Mueller has received recognition before; he was the golden boot winner at the 2010 World Cup in South Africa. Yet it is hard to fully appreciate his role in the German team until you watch the highlights reel at the end, or by checking out his impressive stats on the internet. By then you will have realised that not only is he important, he is the key.

Germany v Portugal was shaping up to be one of the games of the tournament when the draw was made, but much like Spain v Holland it turned out a little one sided. Many will point towards the red card of Pepe in the first half, but in truth Germany would have won the game at a canter anyway. They led 2-0 at the time.

In keeping with the rest of the tournament so far, this game got off to a flying start. Portugal looked menacing on the break, and Hugo Almeida wasted a good opportunity to properly test Manuel Neuer after Ronaldo set him free down the right.

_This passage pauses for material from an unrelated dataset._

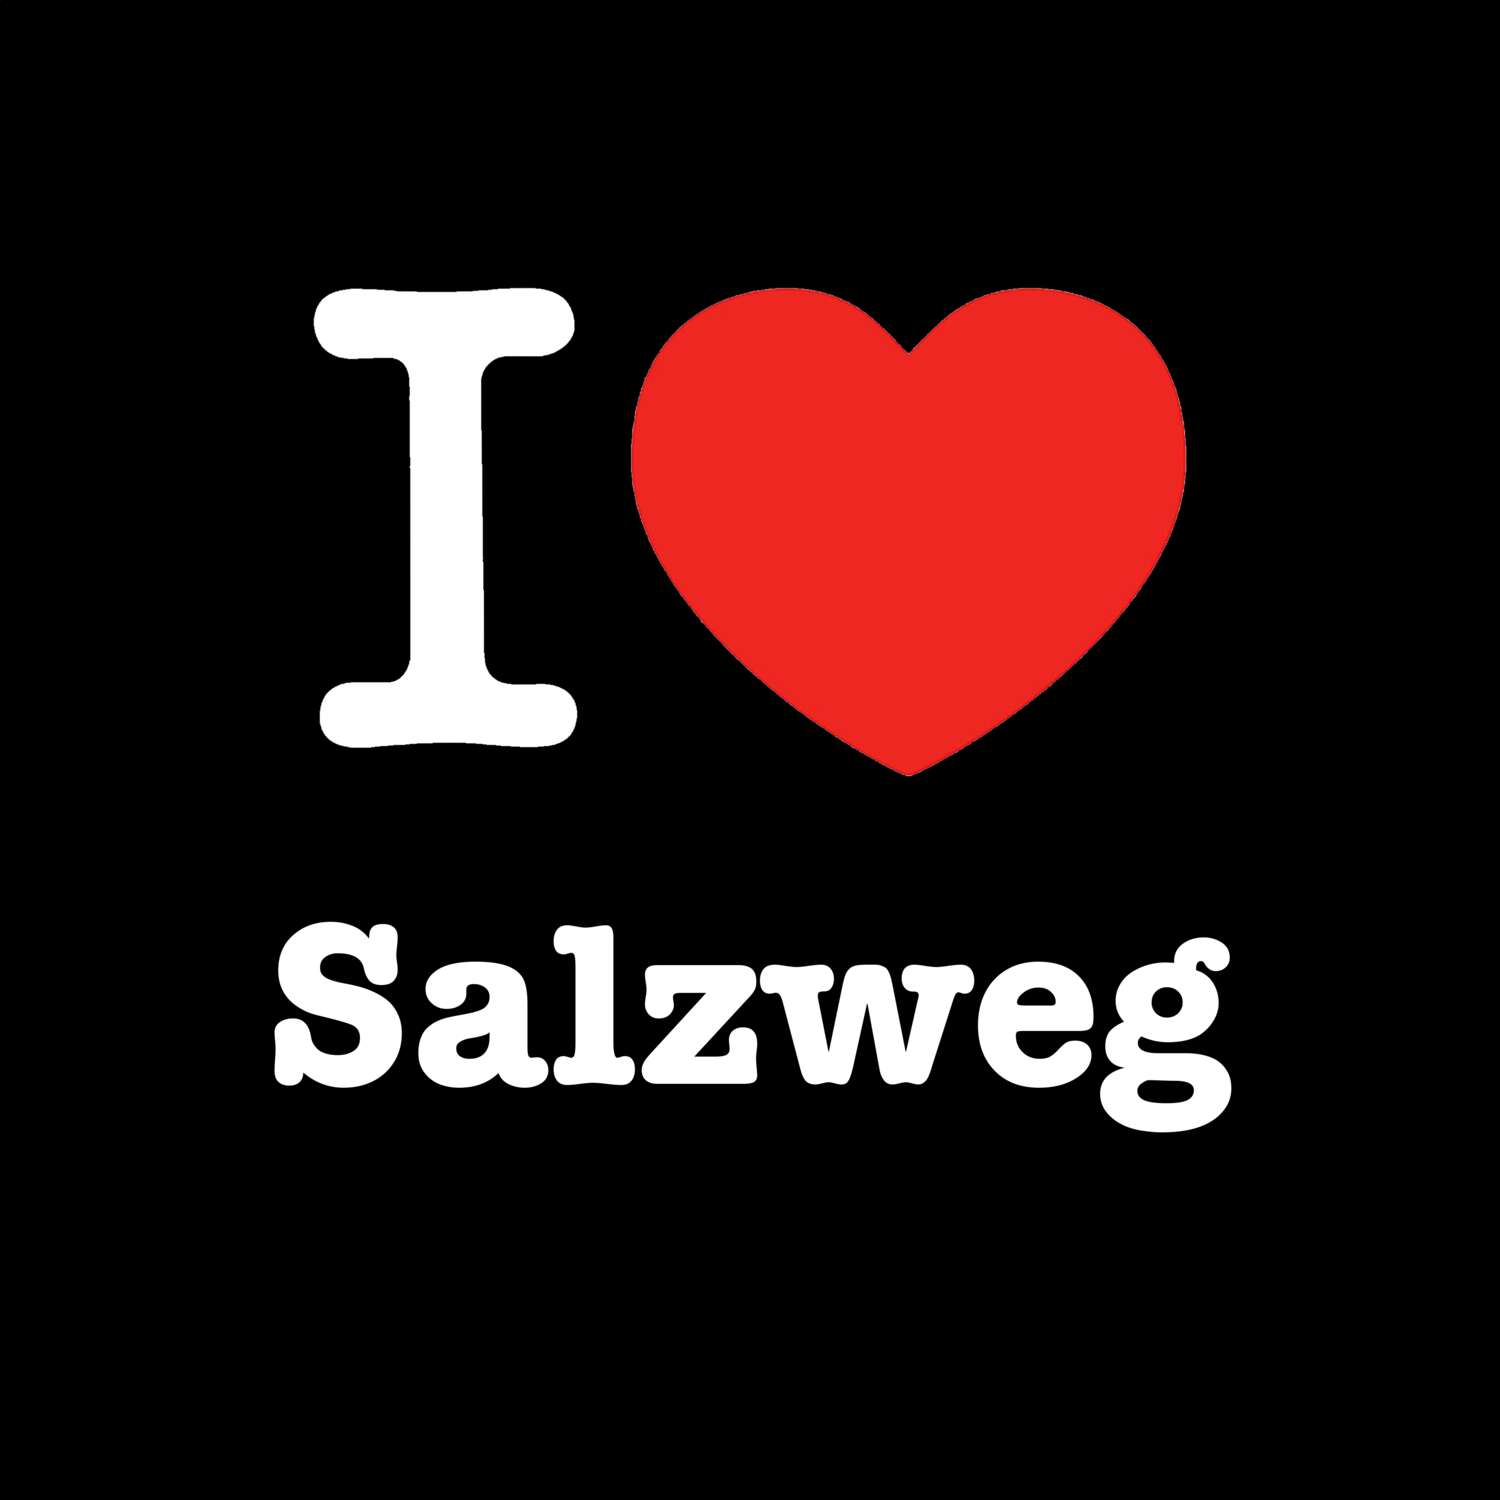 Salzweg T-Shirt »I love«

At the other end Portuguese goalkeeper Rui Patricio will have been glad his disastrous attempt at a clearance landed at the feet of Sami Khedira, who couldn’t quite find the bottom corner of an unguarded goal from 30 yards out. At the other end Phillip Lahm was caught in possession by Nani who found Ronaldo again, but this time the Ballon D’Or winner was greedy and Neuer saved.

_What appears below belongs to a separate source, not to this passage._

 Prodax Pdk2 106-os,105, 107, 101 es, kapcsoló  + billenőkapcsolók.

Germany themselves were now severely testing Portugal’s back four, and the breakthrough came when Mario Gotze was hauled down by Joao Pereira inside the area. The main question for the referee wasn’t the penalty, but whether Pereira should see red. In the end, the presence of other defenders near Gotze saved him. Mueller dispatched the penalty with ease, and Germany had a lead they would never surrender.

Nani, who constantly fluctuates between frustrating and threatening, had an excellent chance to level for Portugal, but his shot from the edge of the area flew just above the upright. It would be Portugal’s last main chance to get back in the game, as Germany doubled their lead ten minutes later.

The build-up was excellent. Toni Kroos played an excellent through ball from the halfway line to Mesut Ozil down the right hand side. Ozil cut the ball back To Khedira, but the Real Madrid man’s effort was blocked for a corner. Kroos galloped over to take the set piece and whipped in an excellent ball straight on to the head of Mats Hummels, who rose above everyone to put his side 2-0 ahead.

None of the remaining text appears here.